I first noticed the TV ads for the book (which was published in 1950) in the late 80s during the cartoon/syndicated sitcom hours of 4-6pm, if I remember correctly. A strange block of airtime to flog a strange belief system. The ads asked some pretty pointed questions, queries to which the answers were supposedly to be found within the pages of the book, like verses from the Bible. And then there was an animated erupting volcano, which I guess can mean whatever you want it to. It was very simple, but effective–if you are of a certain age, you probably remember these ads. As far as book sales went, they were tossing around numbers that would shame even McDonald’s (34 Billion copies sold or something) but heck, the Sci-Fi writer with the ship’s captain hat and deplorable oral hygiene was never anything less than grandiose.

Of course, in those days you couldn’t just hop on the internet and find out how impossibly silly the entire thing is, although I guess you could have bought the book and read it and found out pretty quick. I never did that. However, I like to think I have a closer connection to Scientology than most other non-believers thanks to the person at my gym who keeps leaving various “members only” periodicals in the communal magazine rack, organs with titles like “Source” and “Impact.” I take them home with me every time I see one and have built up quite a library! The words within, written in a version of English stuffed to bursting with words that are barely comprehensible to the layperson, are nevertheless endlessly fascinating. Am I tempted sometimes, as I page through these magazines late at night, to dig the platinum fillings out of my molars and sell that precious metal for the cash that will then allow me to take that first step onto the “Bridge?” Of course I do! But I’m never quite able to make the jump…

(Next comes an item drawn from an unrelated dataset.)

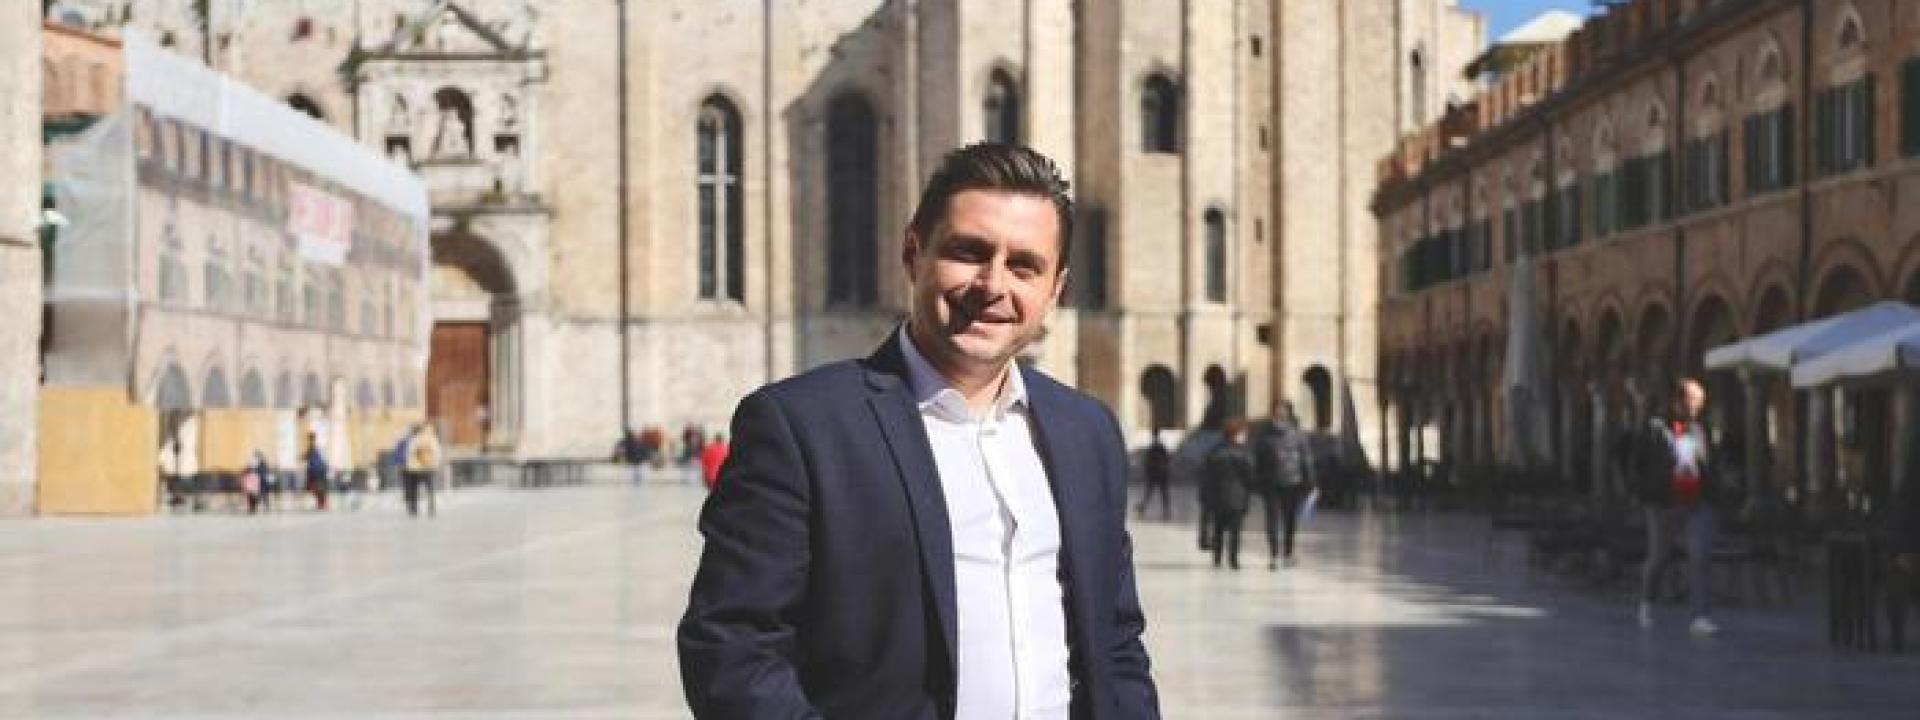 Marche - Rilevazione Noto Sondaggi: il sindaco di Ascoli secondo in Italia per gradimento

I’m a skeptic by nature, and I remember thinking to myself how hard it must be for the higher-ups responsible for promulgating this endlessly profitable scheme of psychological battery and financial slavery to keep a straight face while they prattle on about Thetans and Engrams and Xenu and Sea Org and OT Levels and Going Clear, but then I watched some clips of a few of their meetings and realized that David Miscavige–the current “Master,” if you will, and prime beneficiary of all those donated dollars– is pretty much grinning ear to ear during every speech he gives. Hell, wouldn’t you be?

Prince

Prince-purple-Rain

A week before Prince Rogers Nelson left this place (hopefully by now he’s already been checked in and comfortably accommodated in the only place he deserves to move onto–I think they call it Paradise) I watched a DVD of The T.A.M.I. Show, a 1964 showcase of some truly amazing musical talent that was conceived with the now outdated idea of filming artists actually performing live versions of their hits with musicians actually playing real instruments in real time. The lineup featured artists both black and white performing before an auditorium of integrated Santa Monica teens basically having the time of their young lives. James Brown’s astonishing, athletic and otherworldly performance is the one history correctly lauds as the film’s highlight, but everyone–artists, back-up dancers, kids–is fantastic.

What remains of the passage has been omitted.